§ **Input for this task**:
——
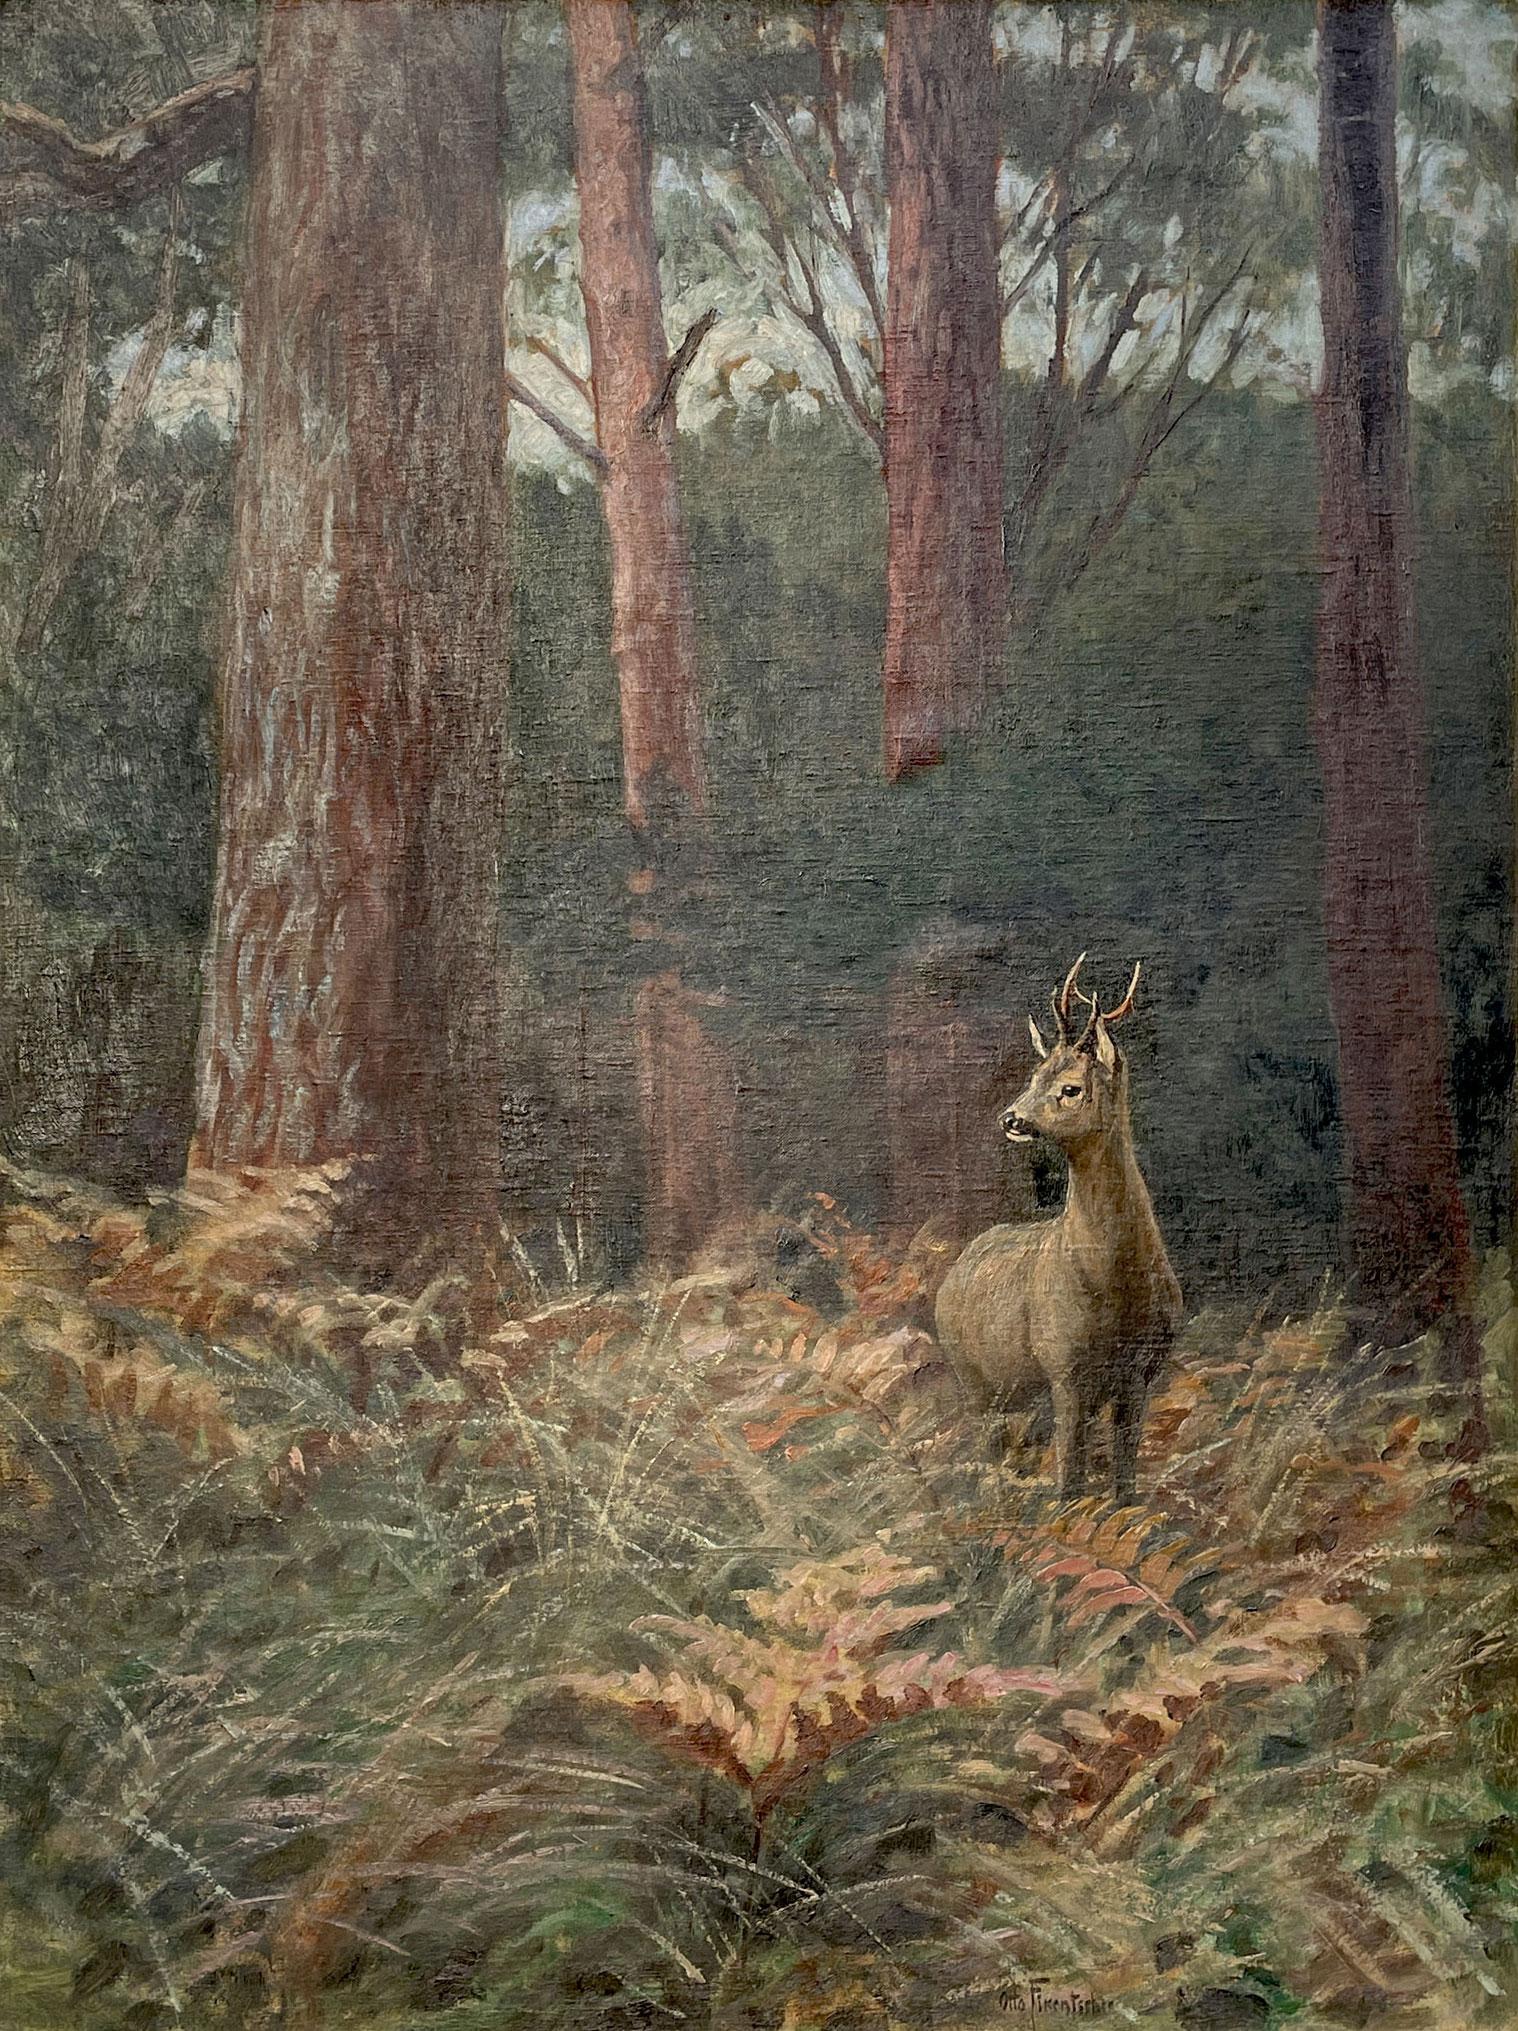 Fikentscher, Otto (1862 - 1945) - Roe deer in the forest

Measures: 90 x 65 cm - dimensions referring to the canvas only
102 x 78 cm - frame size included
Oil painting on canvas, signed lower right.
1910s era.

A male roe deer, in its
——
§ **Exercise requirements**: Once the line that contains "Measures: 90 x" is found, please give it again exactly, along with each line that comes after it, through the last line of the entries.

§ **Answer area**:
Measures: 90 x 65 cm - dimensions referring to the canvas only
102 x 78 cm - frame size included
Oil painting on canvas, signed lower right.
1910s era.

A male roe deer, in its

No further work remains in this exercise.